■ EXERCISE DATA ■

* * *

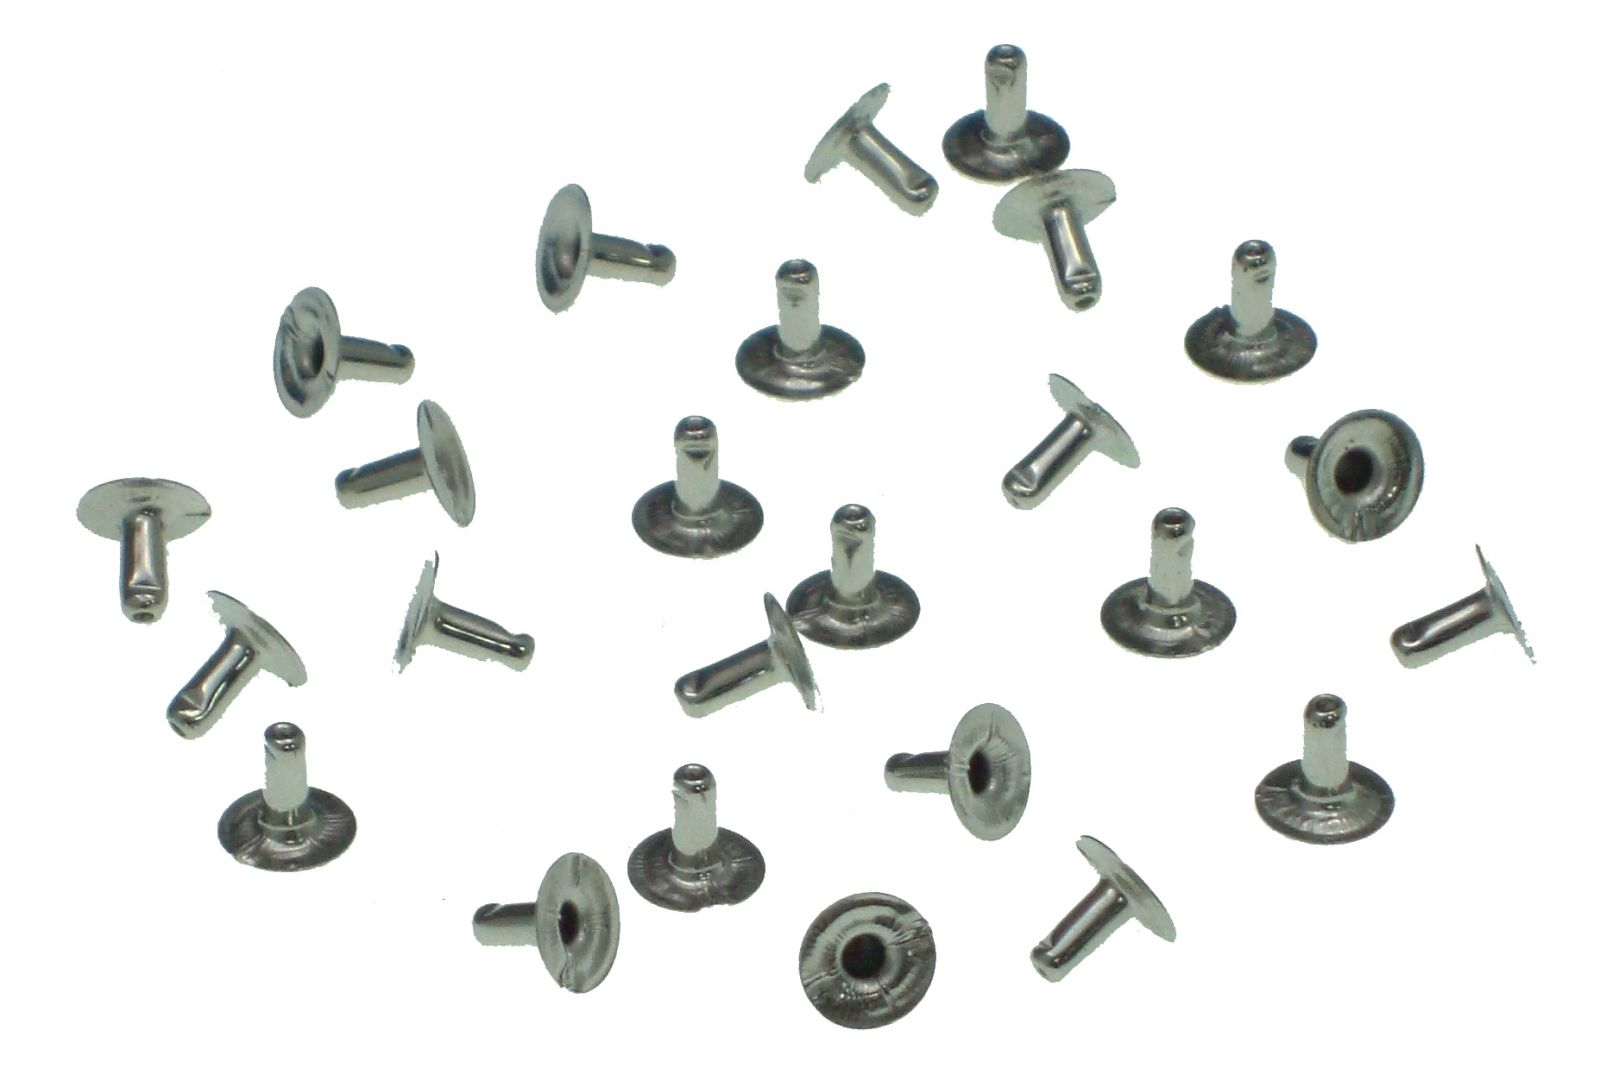 products rivet series collision nail series uff1aying fang
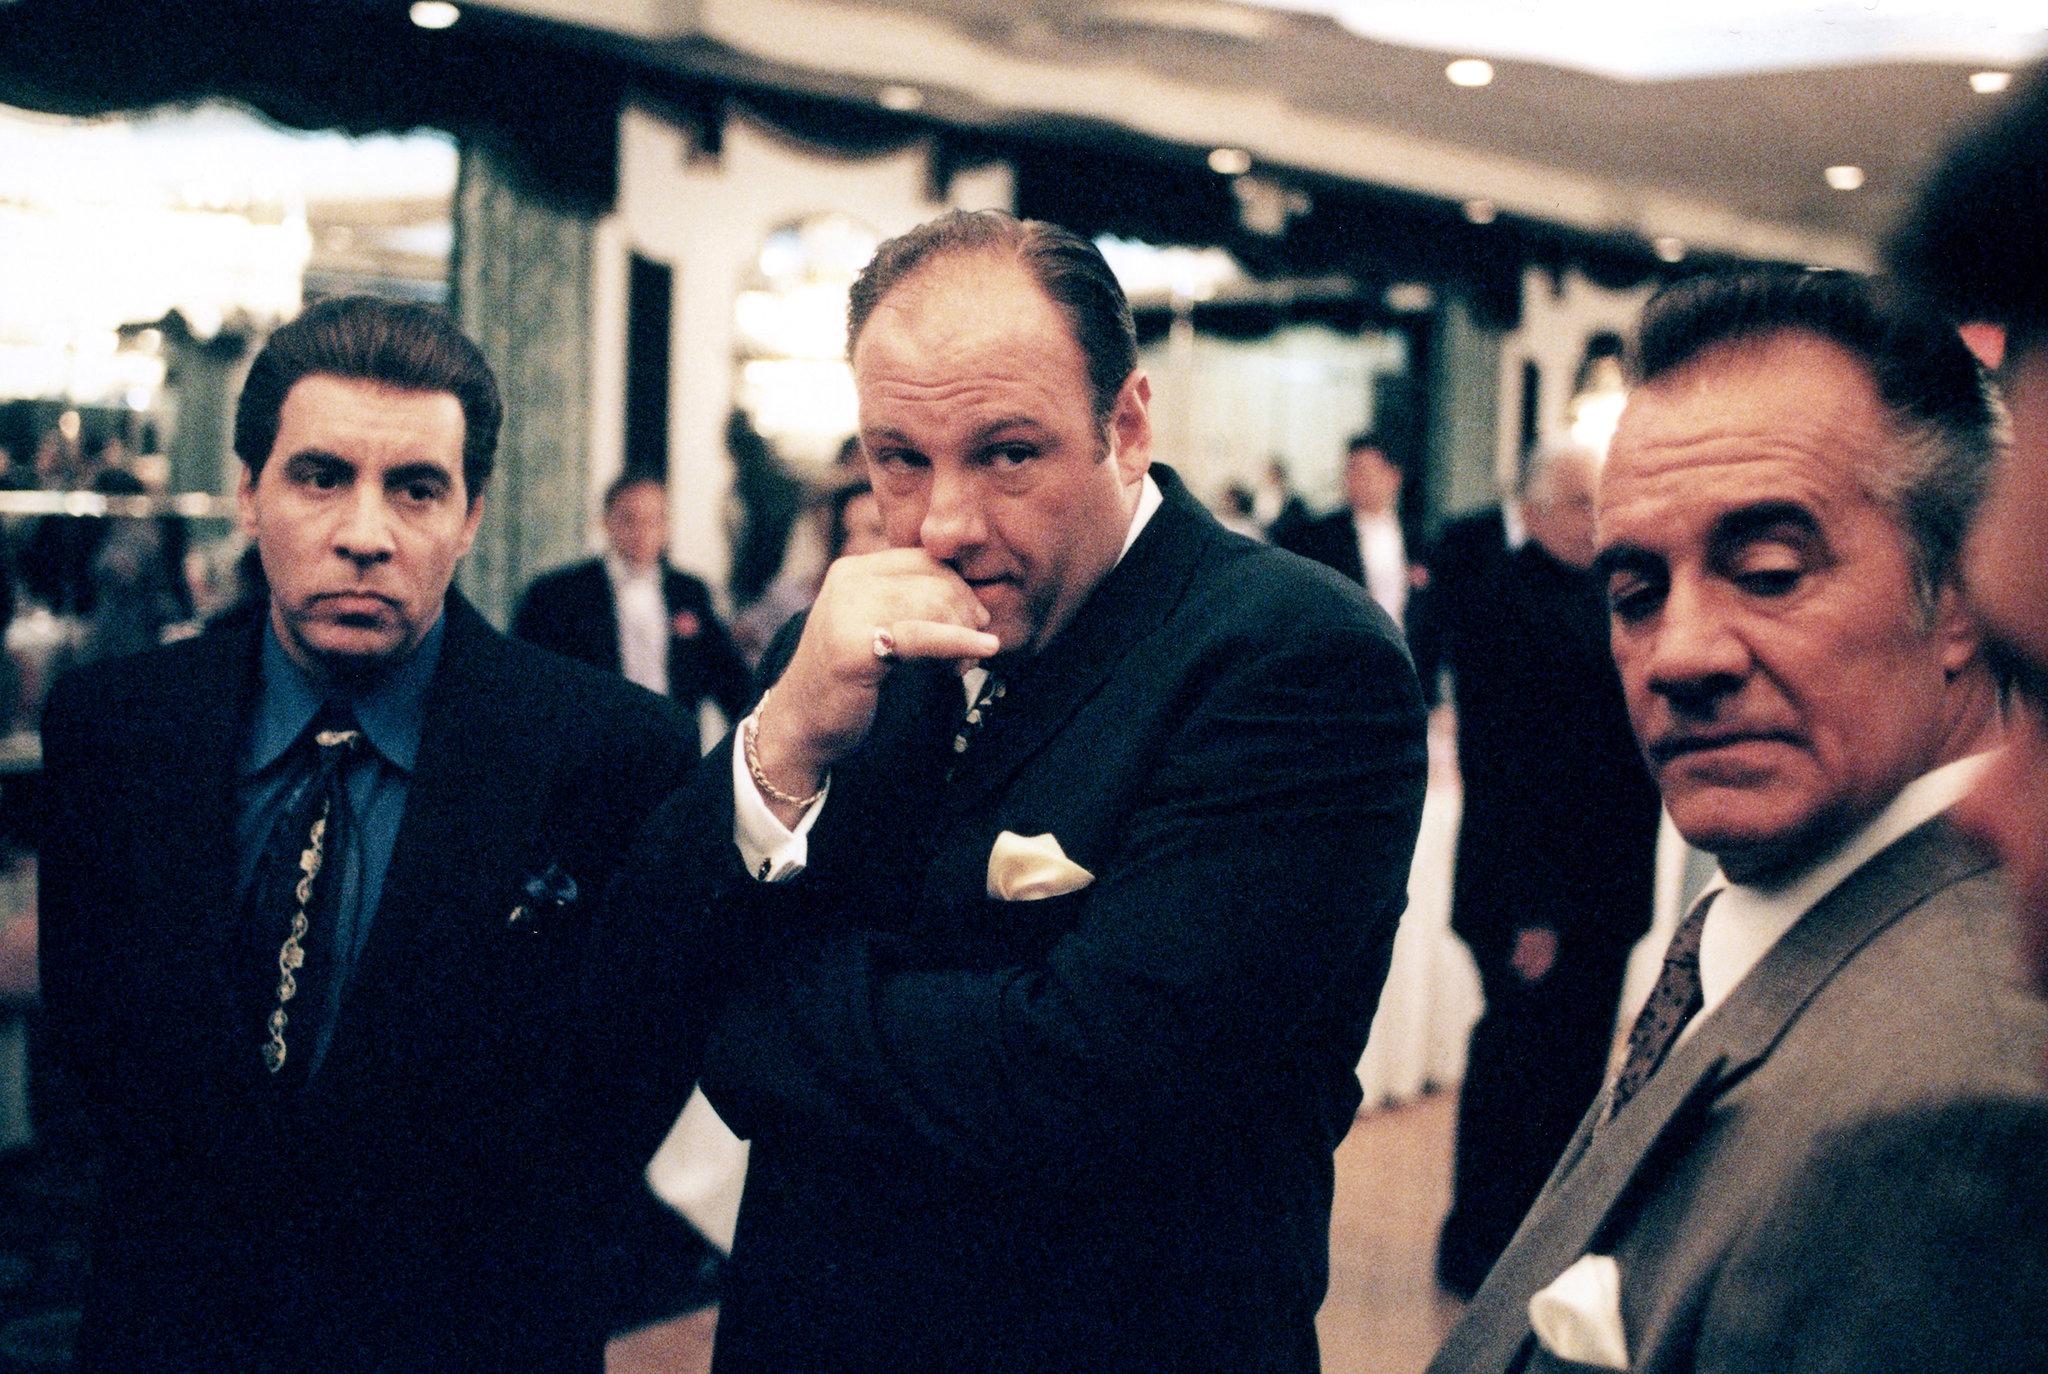 Клан Сопрано (The Sopranos) 1999 - 2007
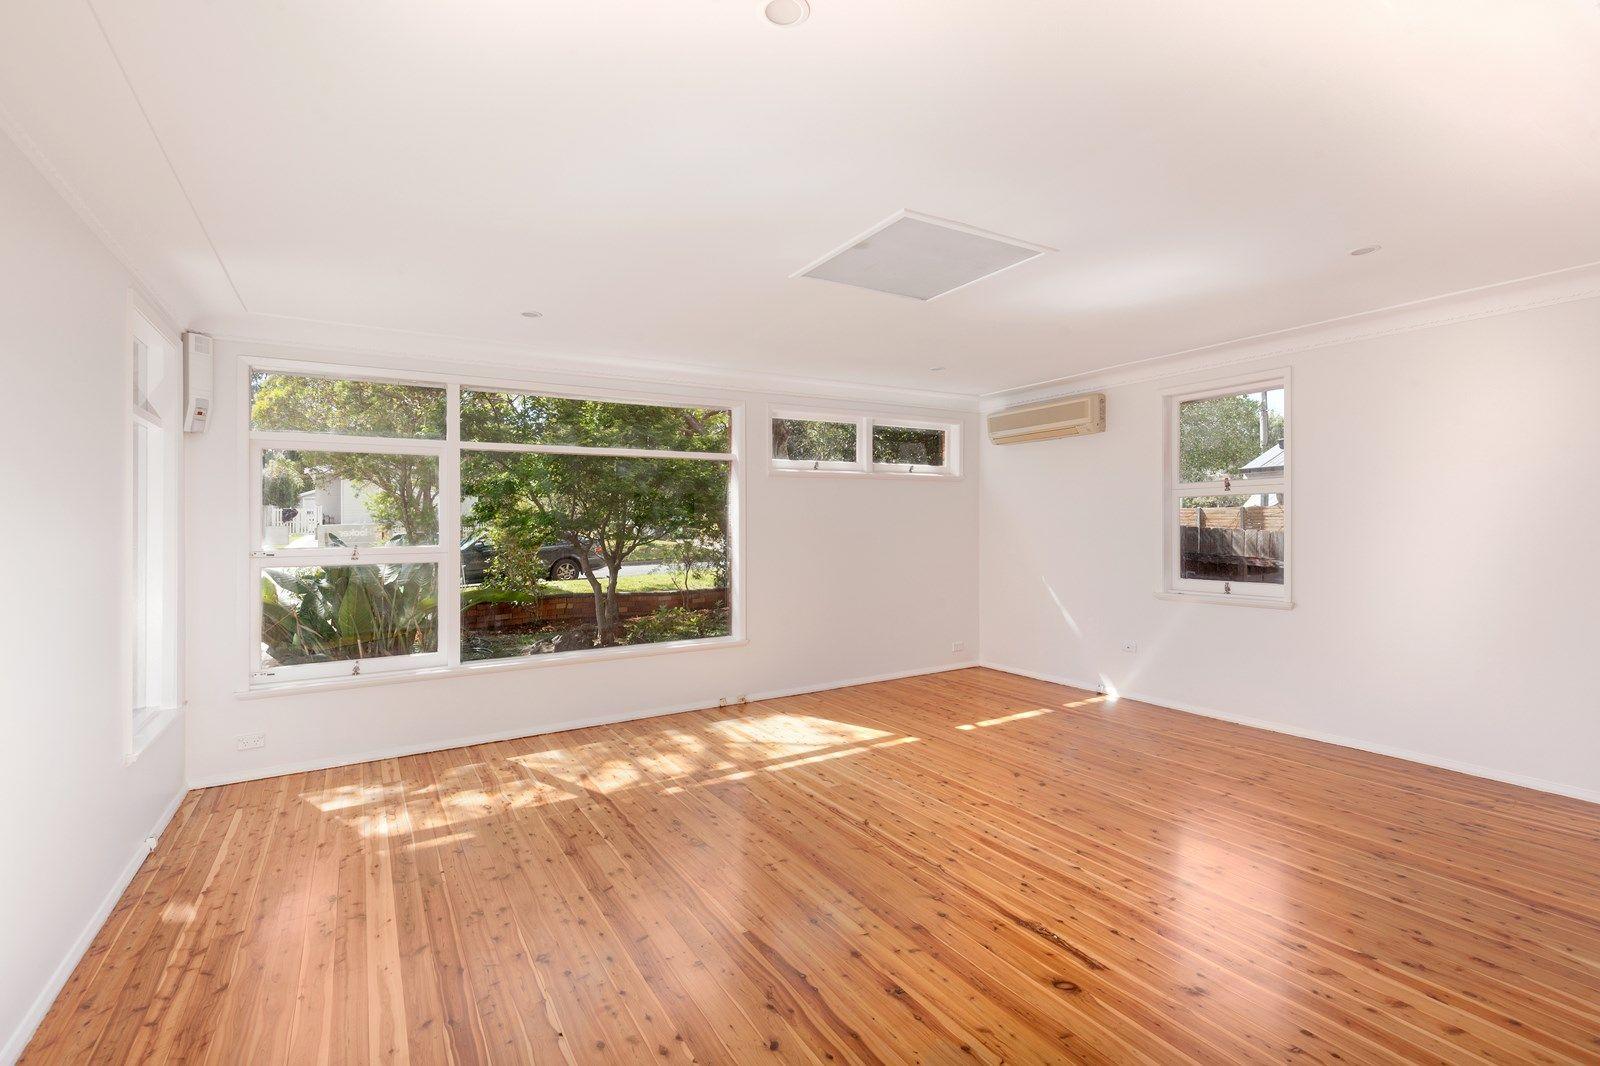 74 Fuller Street, Collaroy Plateau NSW 2097, Image 1
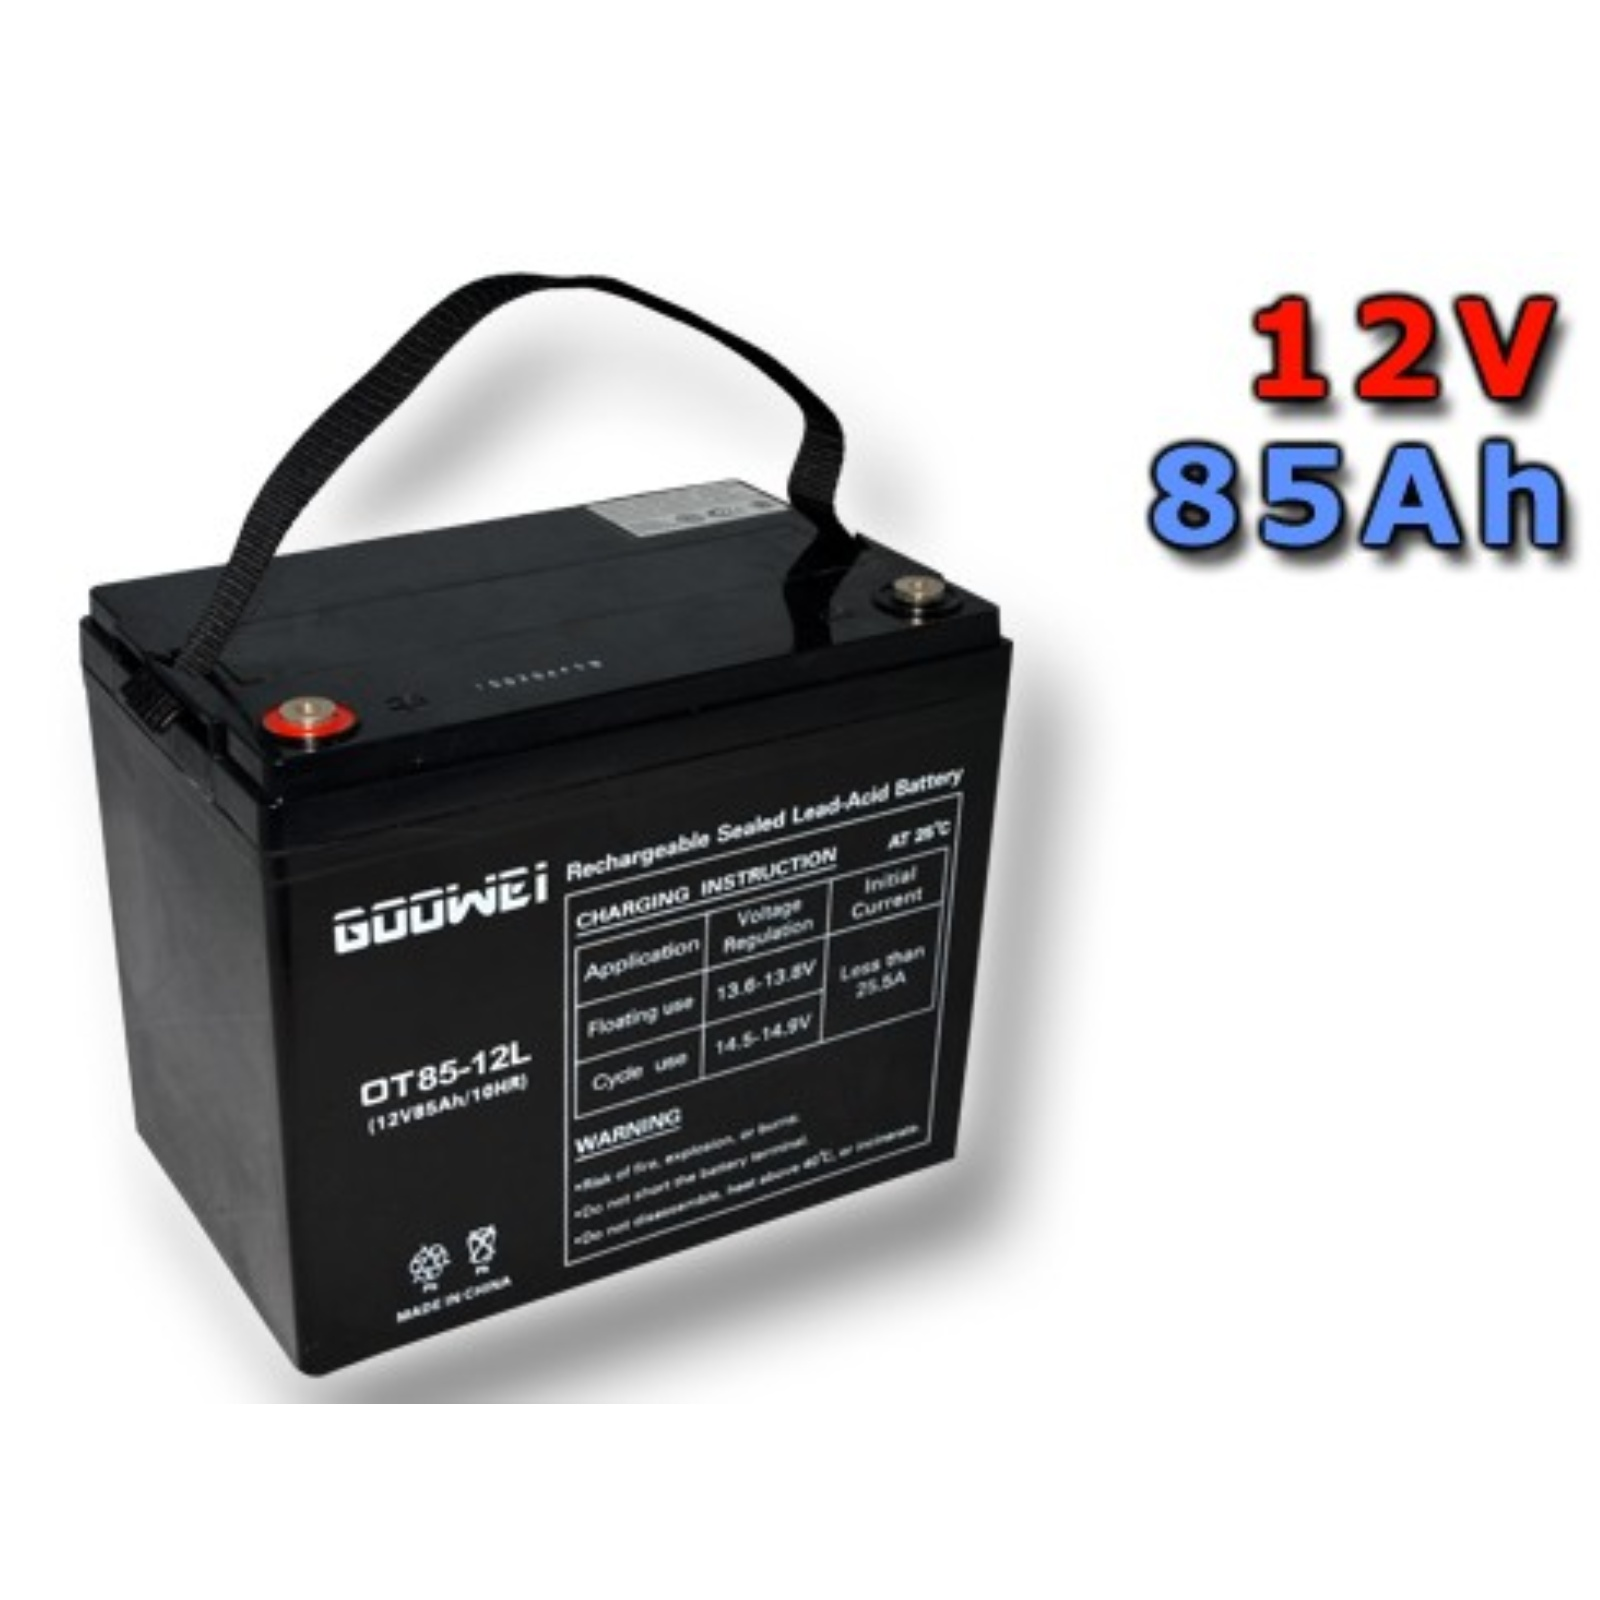 Trakční gelová baterie GOOWEI OTL85-12 85Ah

* * *

■ REQUIRED ACTION ■
Skip the pictures. Return exactly the lines from the one containing "Клан Сопрано (The Sopranos) 1999 - 2007" through the end of the data above, both included, and nothing besides.

■ EXERCISE RESULT ■
 Клан Сопрано (The Sopranos) 1999 - 2007
 74 Fuller Street, Collaroy Plateau NSW 2097, Image 1
 Trakční gelová baterie GOOWEI OTL85-12 85Ah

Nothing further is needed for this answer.